Intervention de Jean-Pierre Sueur

Réunion du 18 juin 2019 à 14h30
Clarification et actualisation du règlement du sénat — Article 15

Photo de Jean-Pierre SueurJean-Pierre Sueur :

L’argumentation qui vient d’être développée par Mme Assassi est très juste, mes chers collègues.

Il apparaît à l’évidence que l’article 11 de la Constitution a été rédigé de telle manière qu’il ne puisse pratiquement jamais servir ! Il faut d’abord 185 parlementaires, puis 4, 7 millions de citoyens, mais le plus terrible est sans doute l’alinéa 5 de l’article 11.

Une fois que les citoyens ont approuvé la proposition de loi référendaire, si celle-ci « n’a pas été examinée par les deux assemblées dans un délai fixé par la loi organique, le Président de la République la soumet au référendum ». Le mot important ici est « examinée », bien entendu. Si l’on avait voulu être logique, il aurait fallu le remplacer par le terme « adoptée ».

En effet, si la proposition de loi est adoptée par les assemblées, cela prouve que les 4 millions de citoyens ont été entendus, et il n’est donc plus nécessaire d’organiser un référendum.

Toutefois, il y a huit groupes politiques à l’Assemblée nationale et sept au Sénat, et chacun d’entre eux dispose d’un créneau réservé. Il suffit donc qu’un groupe dépose la proposition dans chaque assemblée de loi pour demander un débat. C’est un droit imprescriptible, et ce groupe peut ensuite très bien déposer une exception d’irrecevabilité ou une question préalable. Quel que soit le sens du vote, dès lors que le débat s’est engagé, on considérera que la proposition de loi a été examinée. La seule façon d’empêcher ce qui apparaît comme un détournement serait de demander à voter d’abord le renvoi en commission.

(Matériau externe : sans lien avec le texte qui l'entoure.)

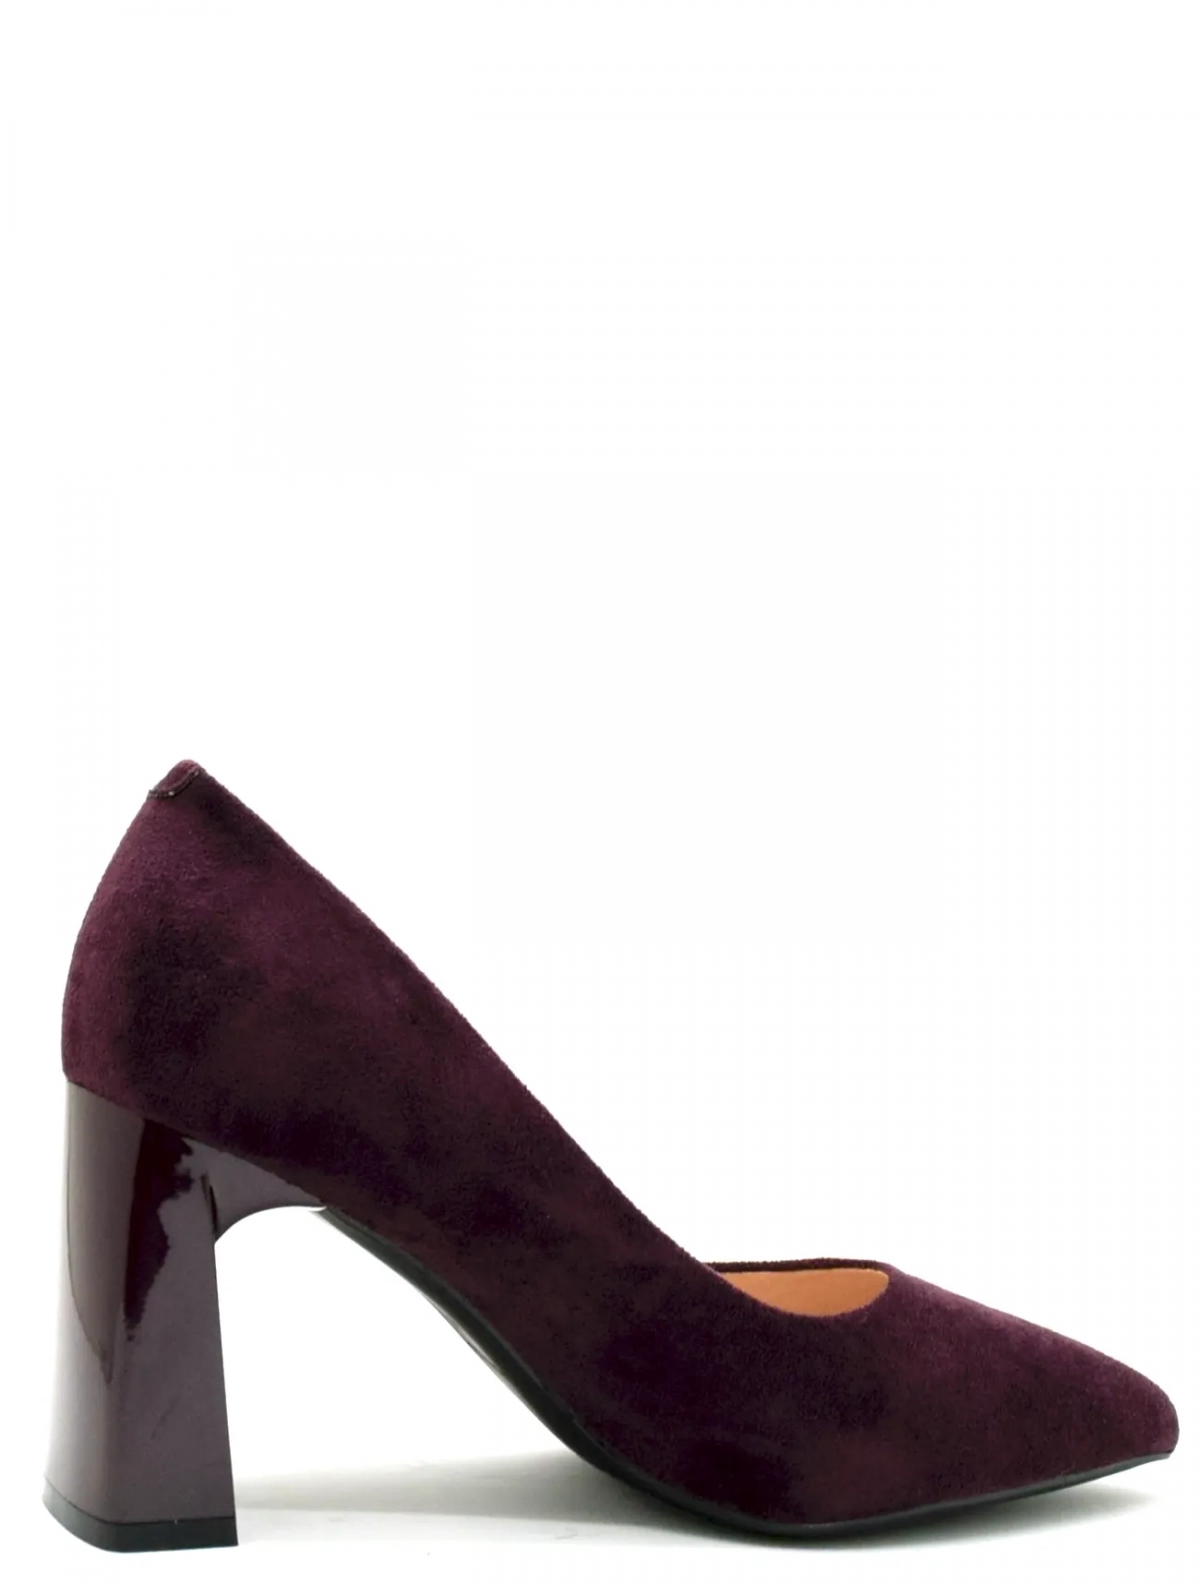 UILLIRRY FDU33-6 женские туфли
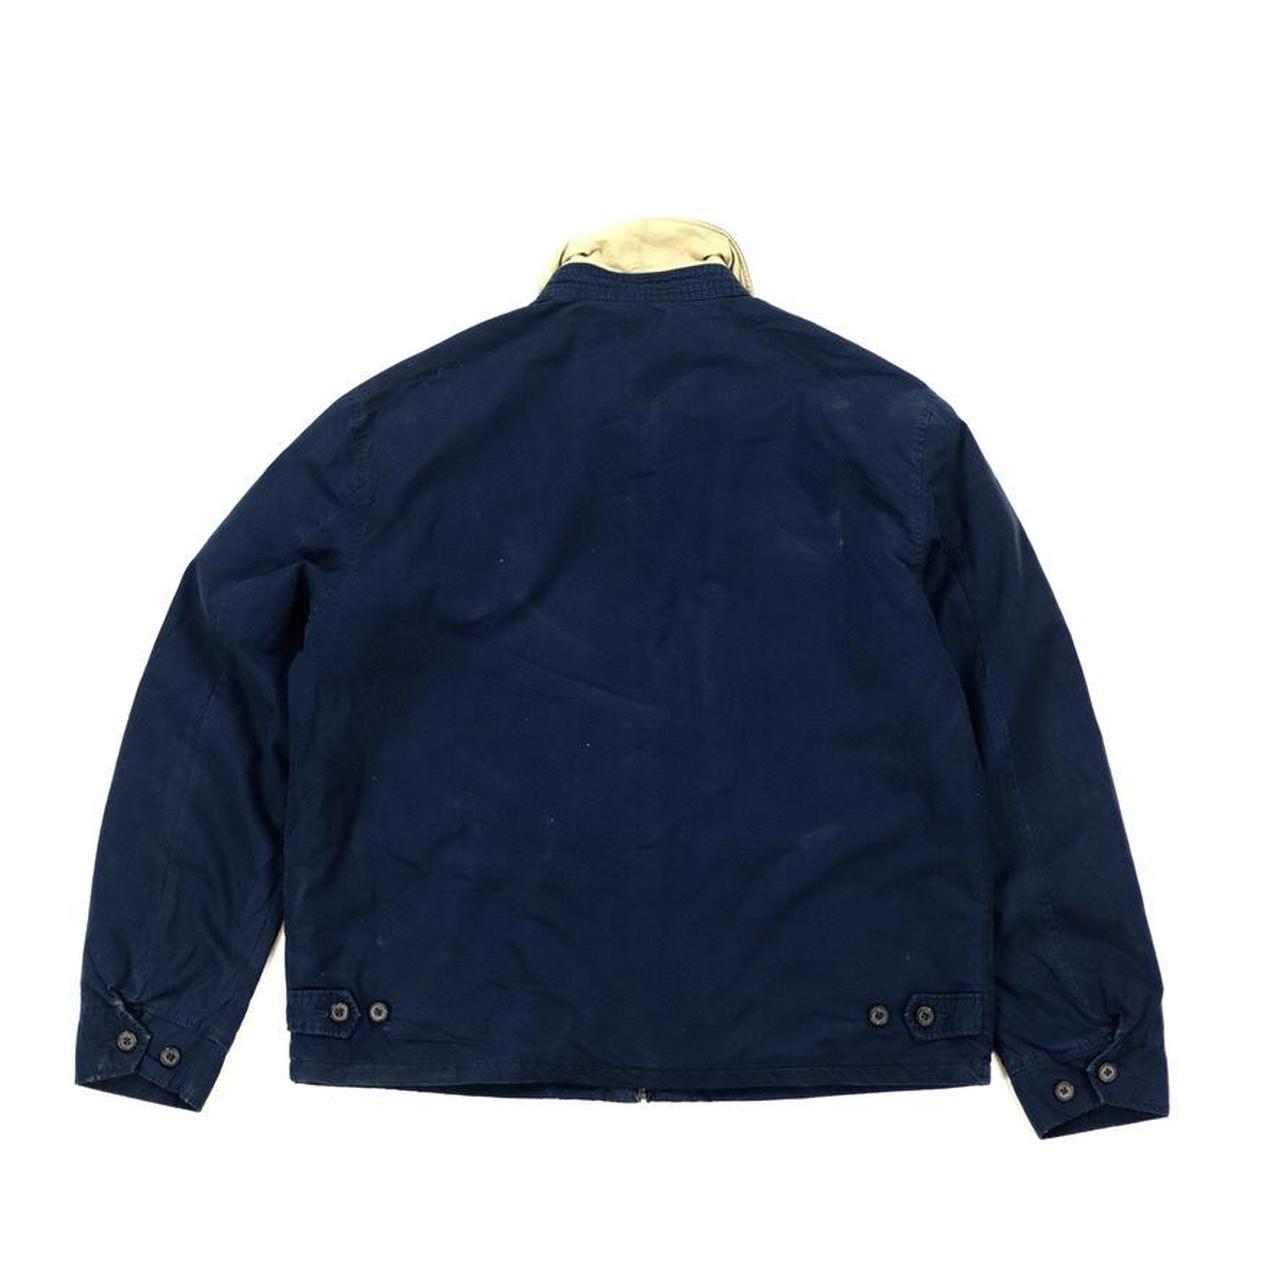 Vintage Ralph Lauren bomber jacket. Classic 90s... - Depop

Si le texte est renvoyé en commission, on considérera sans doute logiquement que l’assemblée en question ne l’a pas examiné. Je ne sais toutefois pas ce que dirait le Conseil constitutionnel, qui ne s’est jamais exprimé sur pareil cas.

Néanmoins, dans tous les autres cas, quelle que soit la décision sur une autre motion de procédure ou sur le fond, on considérera que la proposition de loi a été examinée, et cela suffira à empêcher le Président de la République de la soumettre au référendum. Voilà qui est tout de même assez ahurissant !

Il est donc de bon sens de pouvoir, dans ce cas, statuer d’abord sur la motion de renvoi en commission.